Melanie Philips The Spectator

While I was away, reading about the appalling atrocities in Kenya in which churches were torched and dozens of Christians burned to death, I wondered whether any mainstream media would get the point. They didn’t. As far as I could see, the violence was universally ascribed to ‘tribal conflict’. But this isn’t the first time churches in Kenya have been torched, as you can read here (date unknown):

On 13 June, Muslims rioting over the arrest of one of their clerics torched five churches in Bura, Tana River district, not far from Mombasa in Kenya… As impunity equals permission, this is a serious issue of national significance at a time when Muslim tensions are rising to boiling point.

or here from 2001:

Anglican Archbishop David Gitari and an interfaith team confronted rioting Muslim youths armed with swords and clubs on December 1 in Nairobi, Kenya. In response to this attempt to quell Kenya's worst outbreak of violence between Christians and Muslims, the rioters pelted the archbishop and his team with rocks. Moderate Muslim leaders plucked Gitari from the mob and rushed him to a nearby hospital, where he was treated for head injuries. ‘I survived only because Muslim leaders formed a human shield around me and in the process got more injured than myself,’ Gitari later said in local media reports.

Or here from 2003:

Muslim leaders in Kenya are threatening armed conflict if the new Kenyan constitution does not enshrine Islamic courts (known in Kenya as Kadhi courts).

For years, Kenya has been subjected to creeping Islamisation and jihadi violence by elements within the country’s ten per cent Muslims against the Christian majority. Yet unaccountably there was no mention of this key fact in the media coverage of the post-election violence. Well, fancy!

In the Christian Post, this article, (which was picked up by Stephen Pollard) written before the disputed election which led to the violence, put events in a rather more accurate context. Raila Odinga, it said, who was then the current presidential frontrunner, had promised to implement strict Islamic Sharia law if he received the Muslim vote and was elected president. Odinga had signed a secret memorandum of understanding with Sheikh Abdullahi Abdi, chairman of the National Leaders Forum, in which Odinga had allegedly stated his intention, if elected, to

‘within six months, rewrite the Constitution of Kenya to recognize Sharia as the only true law sanctioned by the Holy Quran for Muslim declared regions’.

The Evangelical Alliance of Kenya released a statement in which church leaders said Odinga

‘comes across as a presumptive Muslim president bent on forcing Islamic law, religion and culture down the throats of the Kenyan people in total disregard of the Constitutionally guaranteed rights of freedom of worship and equal protection of the law for all Kenyans.’

The Africa regional manager for International Christian Concern, Darara Gubo, said the agreement

‘undermines the secular nature of Kenya and opens a Pandora’s box of chaos and conflict similar to what happened in Nigeria and Sudan. This is not a stand-alone incident; rather, it is part of strategy to Islamize Eastern Africa and the Horn of Africa, through the introduction of Sharia law’.

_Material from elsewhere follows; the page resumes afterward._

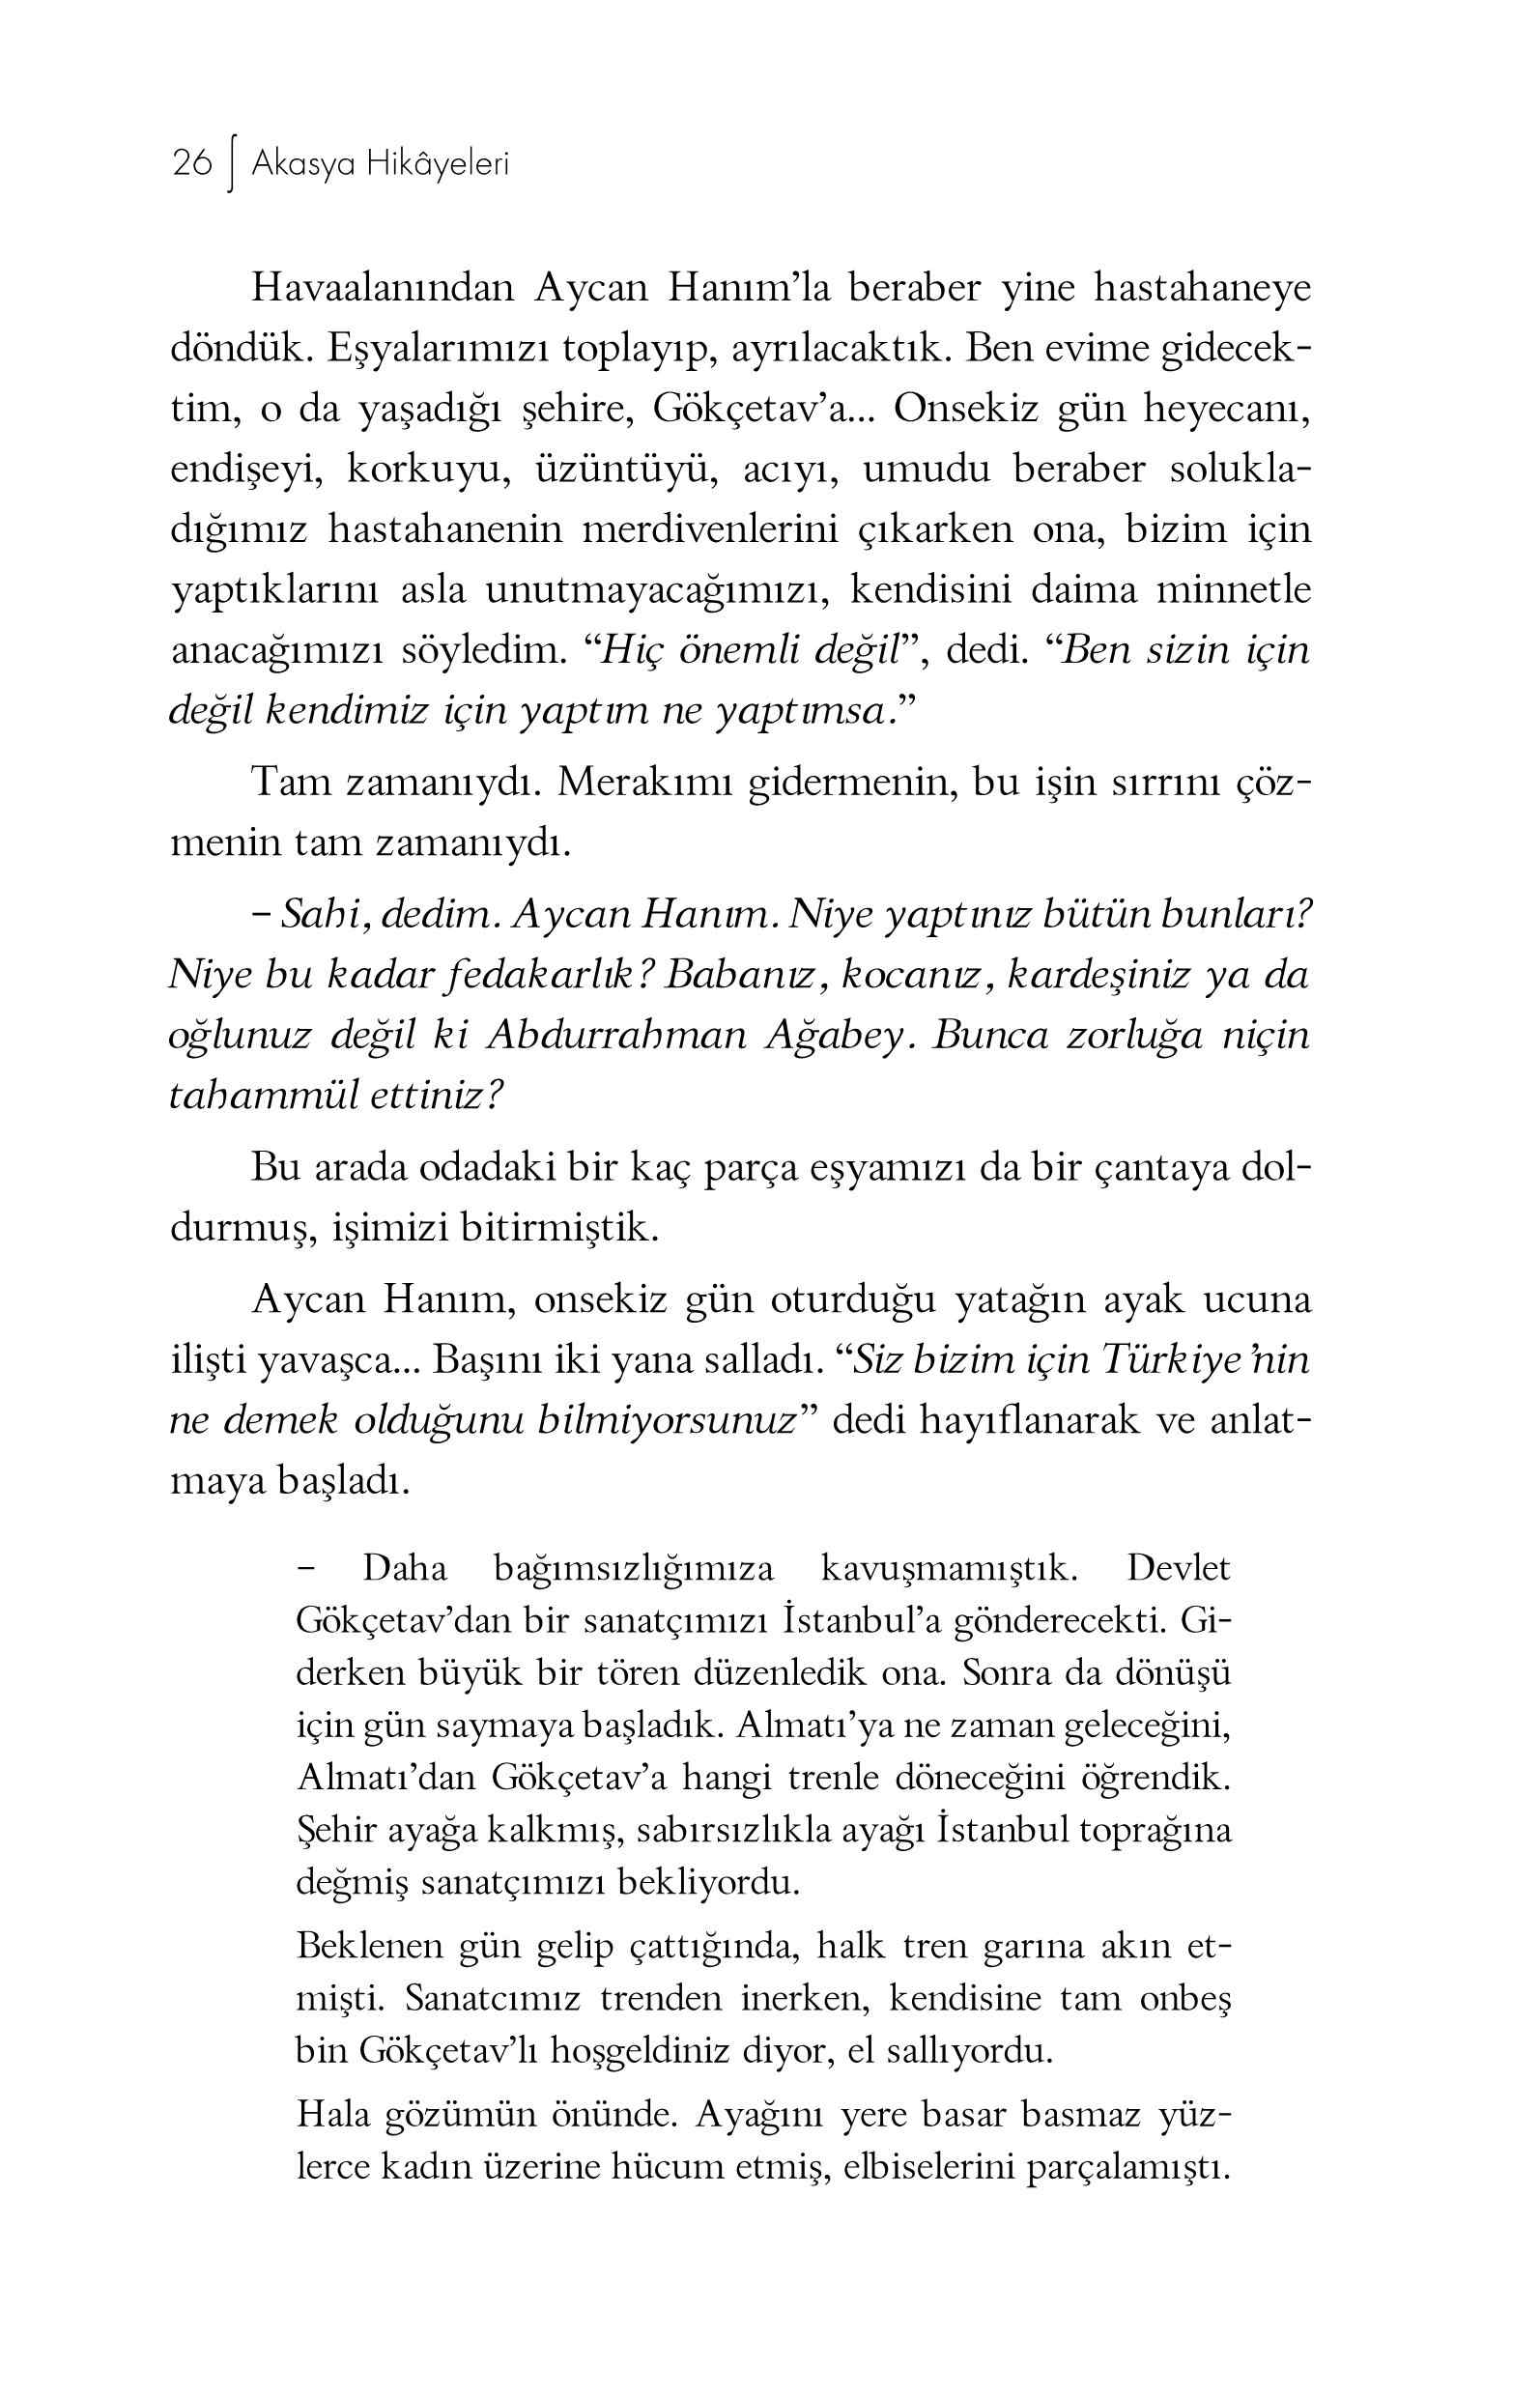 Akasya Hikayeleri-1 - Ali Tokul - UfukYayinlari.pdf, 123-Sayfa 
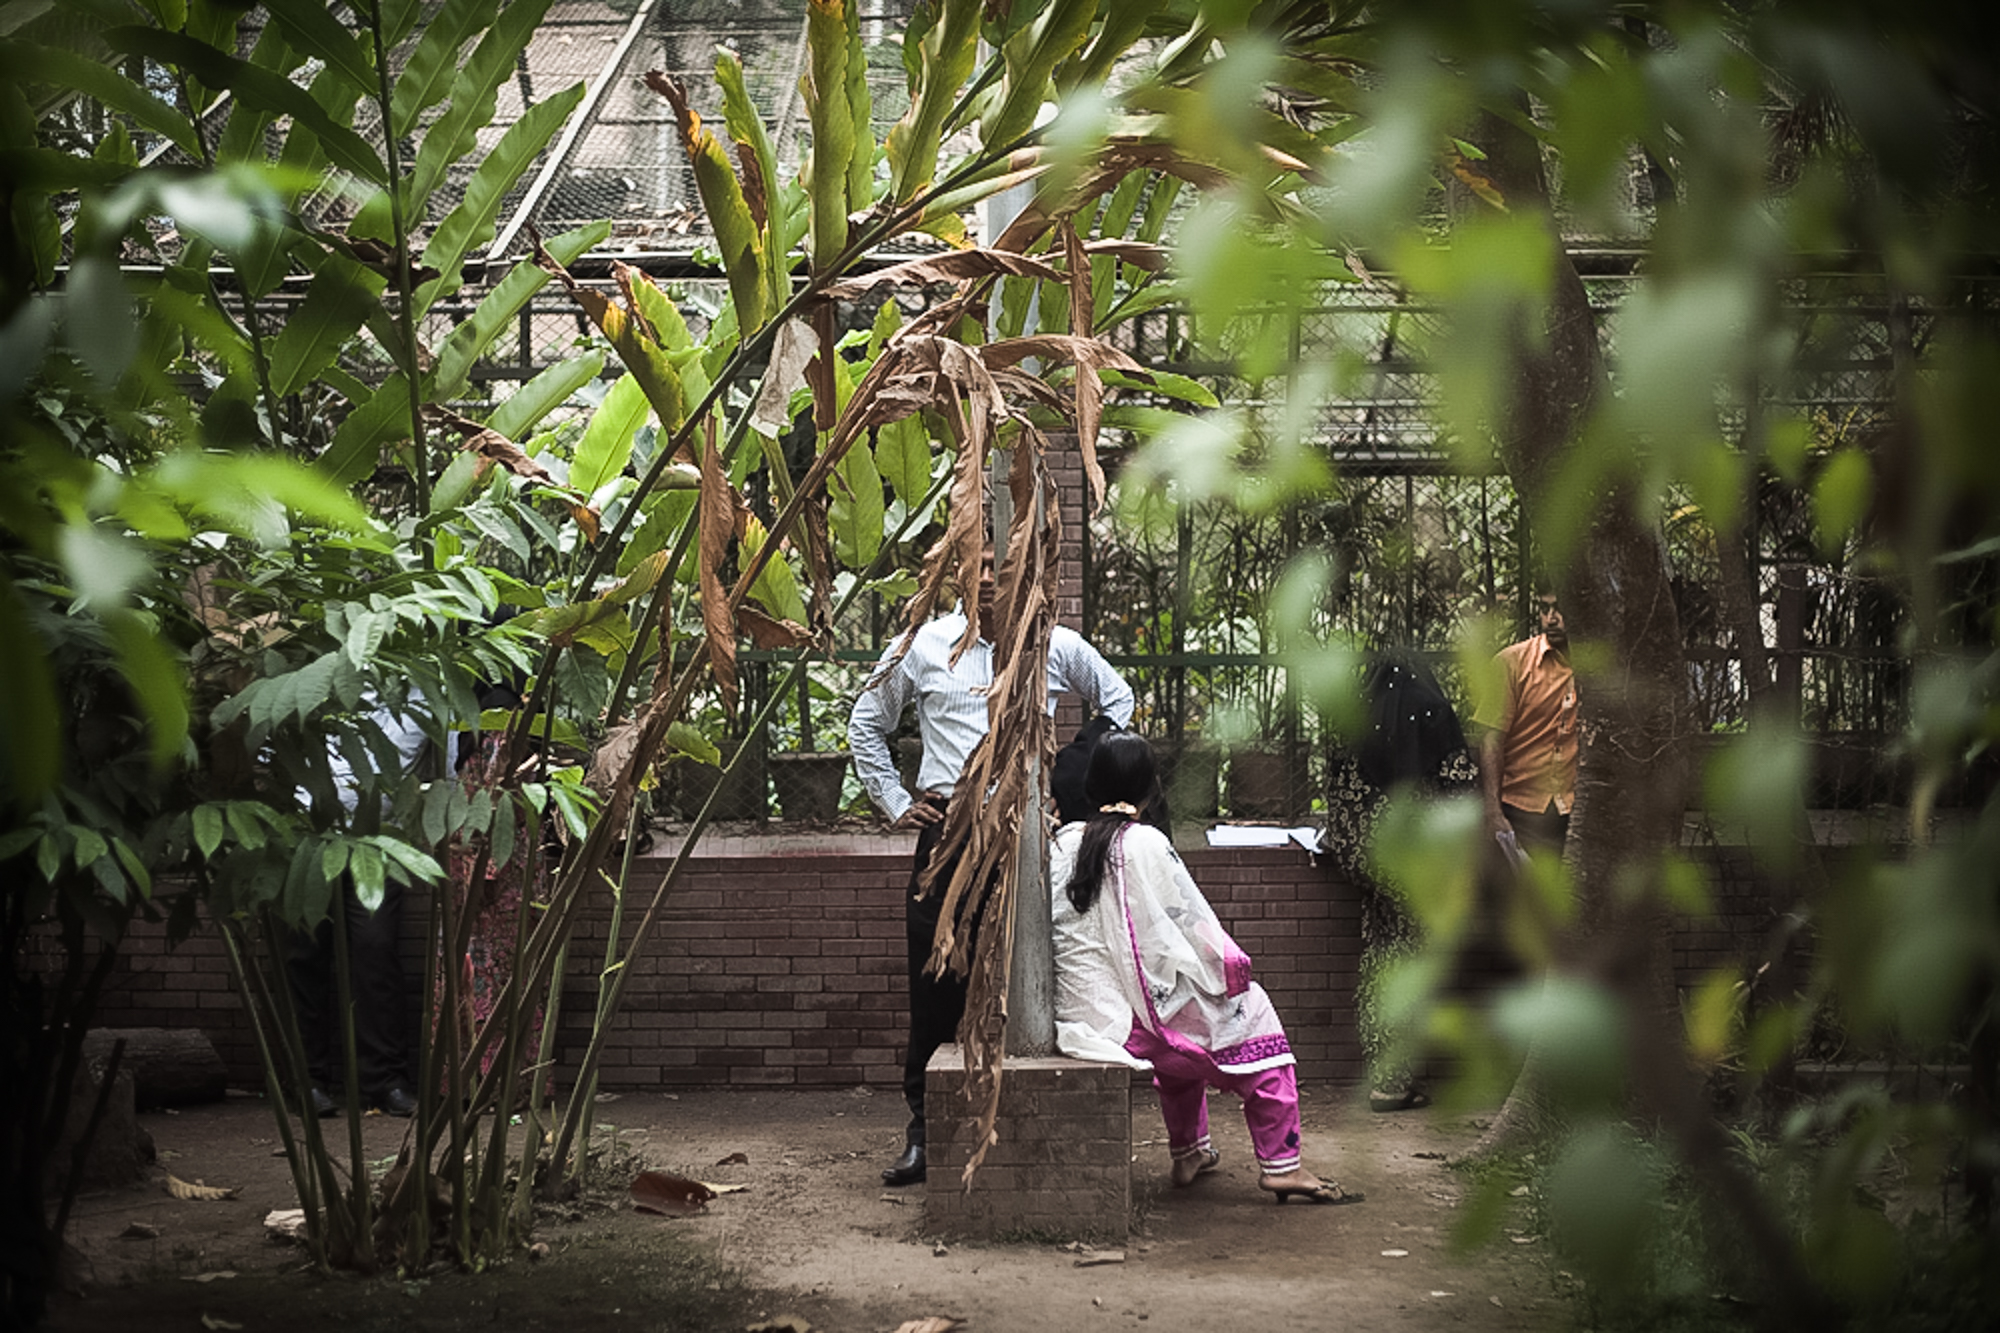 Baldah garden, Dhaka, Bangladesch, feb. 2012

Subsequently Joshua Hammer wrote a piece in the New York Times which, without going so far as to join up all the dots (please, this is the NYT!), nevertheless provided a hint of the same, ahem, context. Writing about sitting Kenyan MP Joseph Lekuton, he described his challenger, Godana Harugura, as

… a convert to fundamentalist Islam

who had reportedly raised money from Muslims along Kenya’s volatile border with Somalia by promising to

‘reclaim’ the region for Islam — and by attacking Lekuton for inviting Christian development groups into the area…Indeed, in the view of some of Lekuton’s supporters the election was shaping up to be a proxy confrontation between the West and Islam — a clash of civilizations in the Kenyan bush…

A sizable, largely poor Muslim population concentrated along the coast — and proximity to the volatile states in the Horn of Africa, including Somalia and Sudan — have made Kenya especially vulnerable, in the views of counterterrorism experts, to the call for jihad. Since the early 1990s, the mosques of Mombasa and other towns have resonated with militant Islamic rhetoric. Radical imams have preached violence against Westerners, attacked the Kenyan government as the lackey of the United States and Israel and called for the implementation of Shariah. Members of the Qaeda cells that blew up the U.S. embassies in Nairobi and Dar es Salaam, Tanzania, on Aug. 7, 1998, were recruited in mosques near the Indian Ocean beaches where hundreds of thousands of Western tourists flock each year.

Apart from that, I have found plenty of worthy hand-wringing in the mainstream media about tribal violence between equally bloodthirsty Kenyan sectarian groups, but diddly squat about the Kenyan jihad and the remorseless creation of Africastan.

 

And now look at this on Atlas Shrugs which, after railing at the media for failing to report what is actually going on in Kenya, makes the following claim:

Raila Odinga has, in his own words, a 'close personal friendship' with Barrack Hussein Obama Junior.When Obama went to Kenya in August of 2006, he was hosted by Raila and spoke in praise of him at rallies in Nairobi: Obama's bias for his fellow Luo was so blatant that a Kenya government spokesman denounced Obama during his visit as Raila's ‘stooge.’

Oh dear. Maybe this is what Obama means by being the candidate of ‘change’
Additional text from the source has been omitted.